* Task to carry out *
Where the records hold the string "image", show the whole line it sits on.

[Data excerpts]
BEGIN

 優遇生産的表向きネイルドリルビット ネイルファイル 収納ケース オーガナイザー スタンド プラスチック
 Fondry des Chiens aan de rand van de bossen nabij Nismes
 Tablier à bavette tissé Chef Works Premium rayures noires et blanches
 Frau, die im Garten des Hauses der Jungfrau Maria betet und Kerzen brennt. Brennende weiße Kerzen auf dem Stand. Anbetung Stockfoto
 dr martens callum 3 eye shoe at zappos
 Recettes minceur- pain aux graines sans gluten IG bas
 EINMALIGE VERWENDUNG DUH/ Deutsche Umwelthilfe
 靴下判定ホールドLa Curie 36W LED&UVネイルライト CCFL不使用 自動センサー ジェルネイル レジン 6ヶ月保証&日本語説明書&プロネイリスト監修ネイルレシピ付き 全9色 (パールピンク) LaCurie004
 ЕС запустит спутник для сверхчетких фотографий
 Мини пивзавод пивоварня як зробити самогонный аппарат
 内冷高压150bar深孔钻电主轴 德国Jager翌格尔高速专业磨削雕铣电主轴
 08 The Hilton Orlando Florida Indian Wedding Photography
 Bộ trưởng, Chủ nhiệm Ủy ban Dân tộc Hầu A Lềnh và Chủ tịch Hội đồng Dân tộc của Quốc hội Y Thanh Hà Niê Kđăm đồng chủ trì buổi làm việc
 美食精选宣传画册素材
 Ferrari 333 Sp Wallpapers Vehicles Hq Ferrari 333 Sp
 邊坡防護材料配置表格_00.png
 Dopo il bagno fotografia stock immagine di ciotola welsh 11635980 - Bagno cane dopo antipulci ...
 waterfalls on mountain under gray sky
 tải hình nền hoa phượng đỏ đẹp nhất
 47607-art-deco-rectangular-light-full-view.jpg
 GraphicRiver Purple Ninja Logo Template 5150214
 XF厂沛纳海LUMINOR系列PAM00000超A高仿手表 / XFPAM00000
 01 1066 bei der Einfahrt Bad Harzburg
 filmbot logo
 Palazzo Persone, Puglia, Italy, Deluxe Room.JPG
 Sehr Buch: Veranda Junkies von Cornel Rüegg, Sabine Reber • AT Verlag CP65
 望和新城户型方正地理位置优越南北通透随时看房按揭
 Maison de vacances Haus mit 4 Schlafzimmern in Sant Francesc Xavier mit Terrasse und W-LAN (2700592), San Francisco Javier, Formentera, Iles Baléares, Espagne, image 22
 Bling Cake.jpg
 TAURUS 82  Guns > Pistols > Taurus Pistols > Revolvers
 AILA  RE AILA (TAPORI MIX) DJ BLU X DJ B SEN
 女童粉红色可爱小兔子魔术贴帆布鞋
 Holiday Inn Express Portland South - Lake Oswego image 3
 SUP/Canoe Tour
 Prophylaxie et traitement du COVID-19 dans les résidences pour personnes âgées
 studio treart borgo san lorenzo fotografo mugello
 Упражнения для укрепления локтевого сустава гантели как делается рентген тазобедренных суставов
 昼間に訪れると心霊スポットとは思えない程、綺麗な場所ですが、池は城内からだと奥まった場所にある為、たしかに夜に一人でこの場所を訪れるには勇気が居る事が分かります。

END

* Output of the exercise *
 Maison de vacances Haus mit 4 Schlafzimmern in Sant Francesc Xavier mit Terrasse und W-LAN (2700592), San Francisco Javier, Formentera, Iles Baléares, Espagne, image 22
 Holiday Inn Express Portland South - Lake Oswego image 3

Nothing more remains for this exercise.